# Santa Came Early...



## JeffWard (Aug 24, 2007)

My little present to myself... Actually my GF bough it for me!

Model Buck Mark Contour Lite 7.25 URX 
Caliber 22 L.R. 
Alloy Frame and Barrel
Magazine Capacity 10 
Barrel Length 7 1/4" 
Nominal Overall Length 11 5/16" 
*Nominal Weight 1 lbs. 14 oz. * 
Site Radius 9 7/8 
Metal Finish Matte Blued 
Stock / Grip URX Ambidextrous 
U.S. Suggested Retail $483.00

It shoots a hell of a lot better than I do... After adjusting the sights a little, it dumped 20 rounds into the 10 ring at 15M!!! With el-cheapo CCI Mini-Mag 22LR ammo.

Next... Red-dot sight... New "match" barrel...

Hammered through 100 rounds without a hiccup... 
$10 per 500 round box = lots of fun


----------



## DJ Niner (Oct 3, 2006)

VERY nice! I really like the looks of the new grips; do you like how they feel?

I'm also a Buckmark fan, but I only have the less-expensive Camper model. Still shoots great, but I'm really lusting after one of those longer/heavier barreled models. Enjoy yours!


----------



## JeffWard (Aug 24, 2007)

The gripps are awesome.
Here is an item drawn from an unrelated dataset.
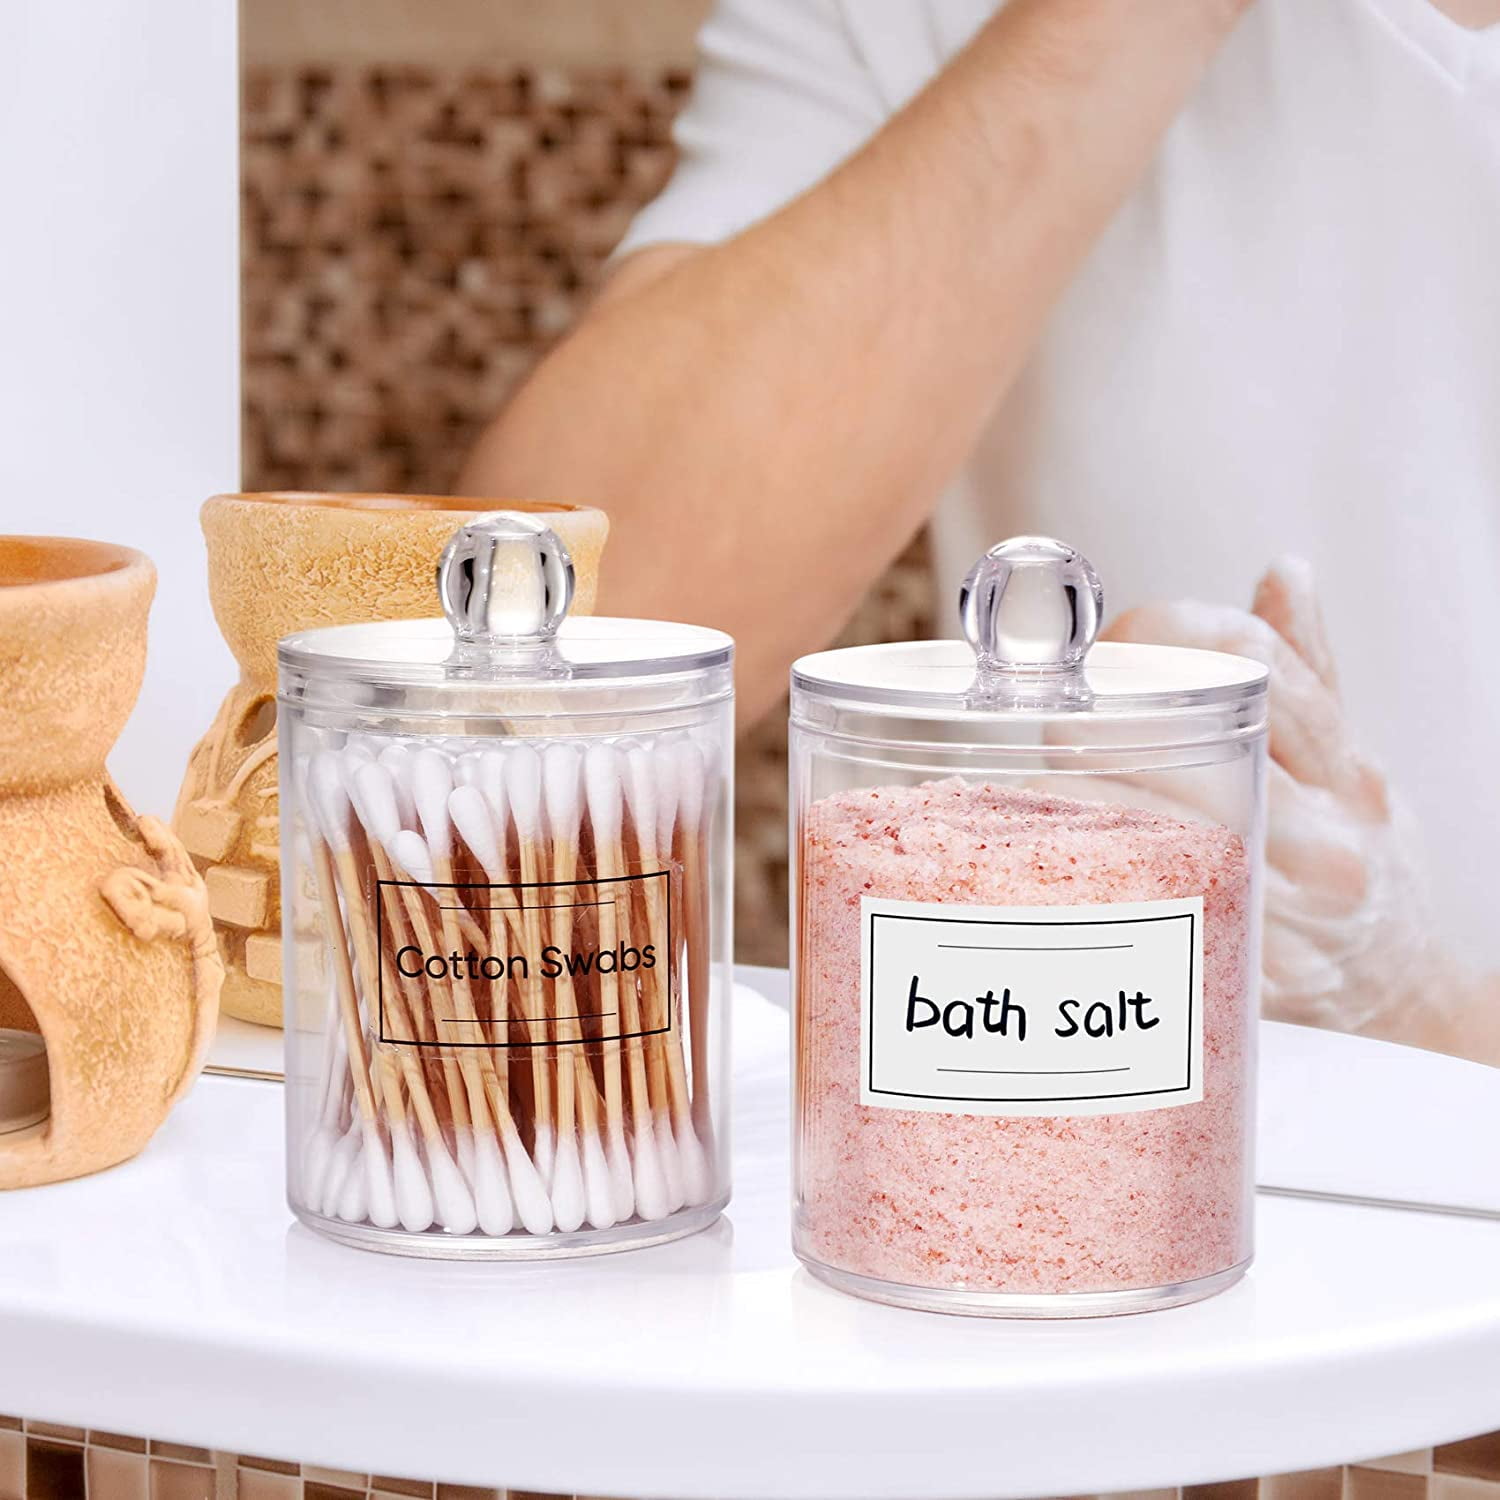  ALAMHI 2 Pack Qtip Holder Apothecary Jars with Lids

Slightly tacky, but not spongy. Super crisp trigger, SA, no up-take, instant reset. This thing is built for racing, right out of the crate.

The only limitation is the sights right now. I'm doing the red-dot shopping this week to upgrade...

Jeff


----------



## Baldy (Jun 21, 2006)

Congrats Mr Jeff on a very fine pistol. Hang on to it so you can teach your grandkids how to shoot. Of corse you need to break it in for them over the next 25yrs. About 30 or 40,000rds should do just fine. Good luck with it.


----------



## JeffWard (Aug 24, 2007)

I can AFFORD 1000 rounds per week now... Ha Ha... 
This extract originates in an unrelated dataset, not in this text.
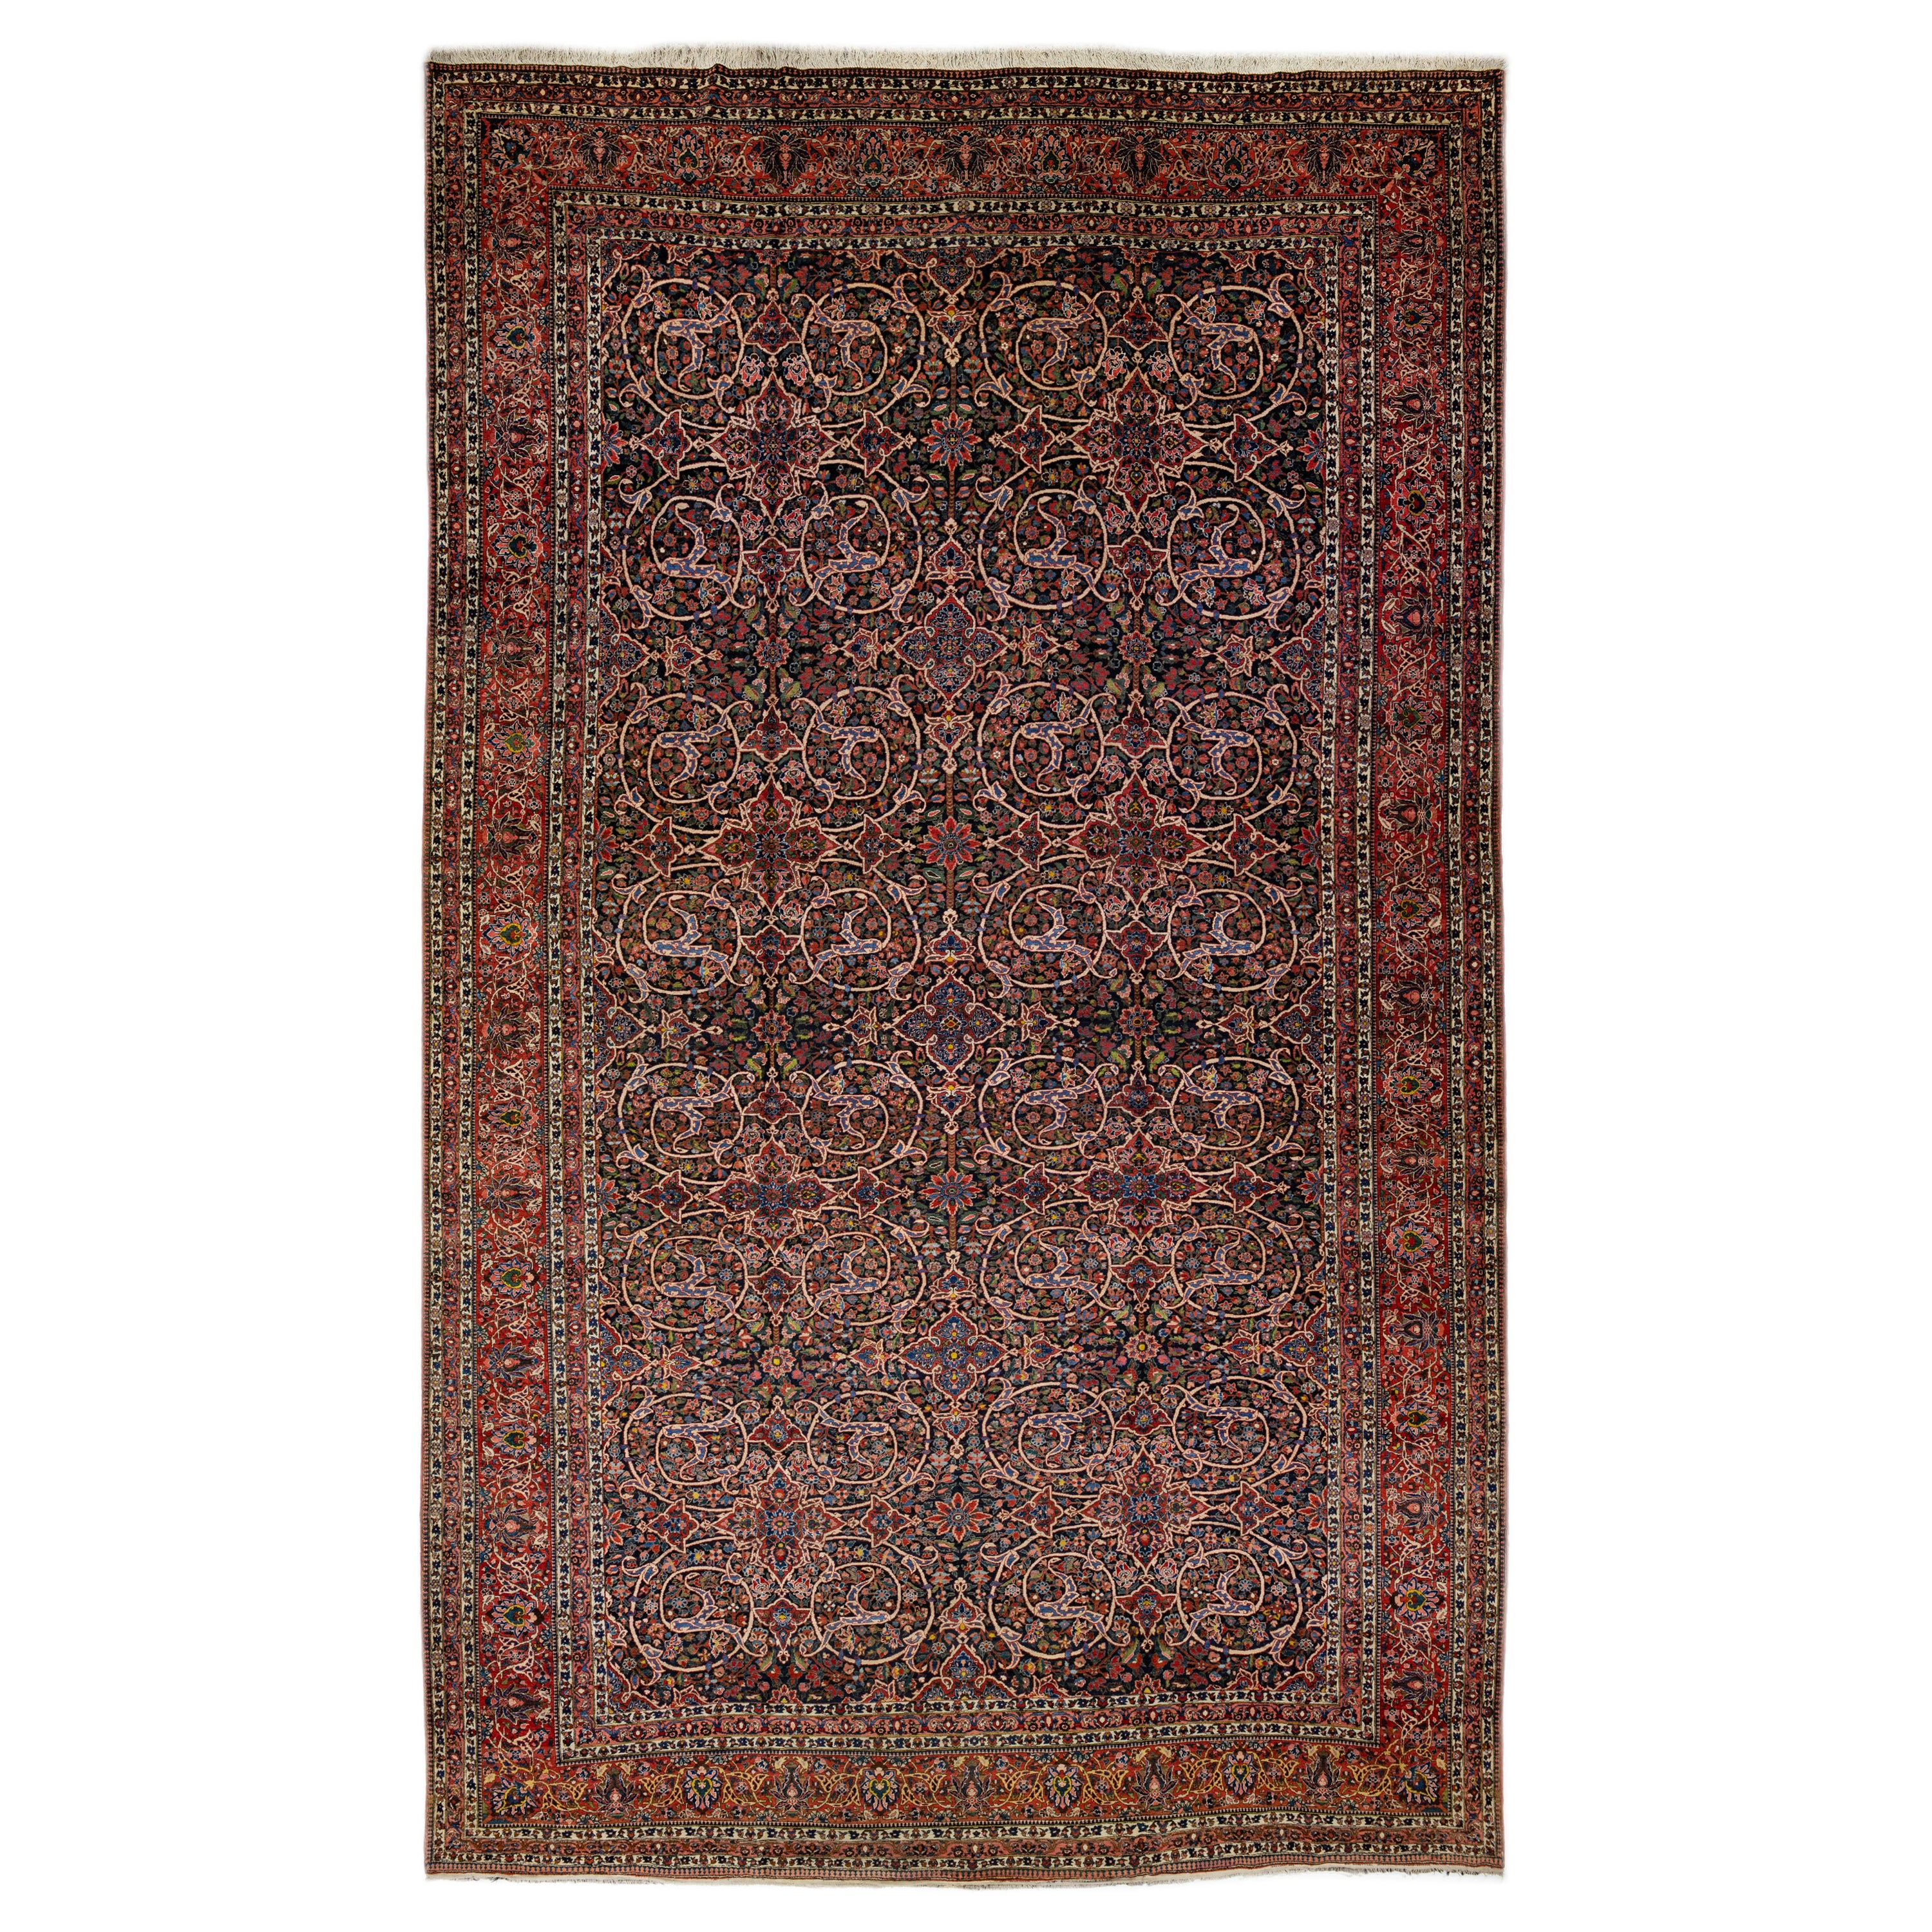 Antique Bakhtiari Persian Handmade Red & Blue Wool Rug With Floral Pattern

Now my GF is telling me I have to post MY family portrait... 2 XDs, Buckmark, 870, Ruger M77 .308, Stevens 12 Gauge side-by-side, and throw in her Sig 226 and Lady-Smith...

The family grows...


----------



## TOF (Sep 7, 2006)

That looks like a great toy Jeff. It sounds like your GF is a great lady also.

Enjoy

:smt1099


----------



## Shipwreck (Jan 26, 2006)

Congrats. I like my Buckmark too.


----------



## super64 (Nov 22, 2007)

The grips are cool, they look a little uncomfortable though


----------